WORK TO COMPLETE: Extract from the entries below, exactly as given, only the lines from the line containing "PORTABLE STORAGE CONTAINER/PORTABLE" to the line containing "Liberty Furniture Allyson", both lines included.
---------- DATA FOR REVIEW ----------
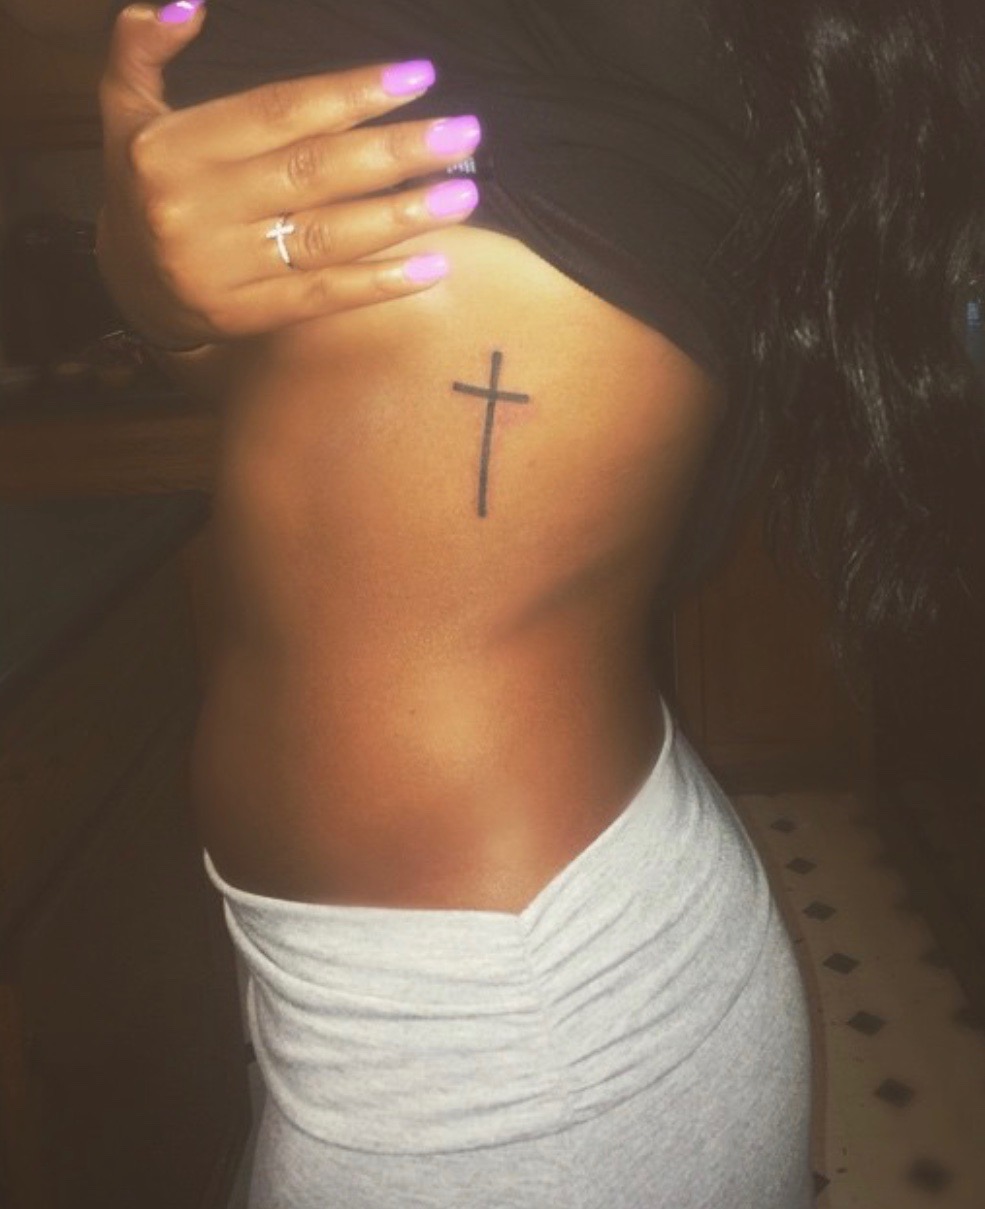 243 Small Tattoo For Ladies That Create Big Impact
----------
---------- DATA FOR REVIEW ----------
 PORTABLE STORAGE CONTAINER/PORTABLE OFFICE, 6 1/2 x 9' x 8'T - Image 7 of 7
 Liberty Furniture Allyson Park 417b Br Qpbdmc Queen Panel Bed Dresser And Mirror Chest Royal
----------
RESPONSE TO THE EXERCISE:
 PORTABLE STORAGE CONTAINER/PORTABLE OFFICE, 6 1/2 x 9' x 8'T - Image 7 of 7
 Liberty Furniture Allyson Park 417b Br Qpbdmc Queen Panel Bed Dresser And Mirror Chest Royal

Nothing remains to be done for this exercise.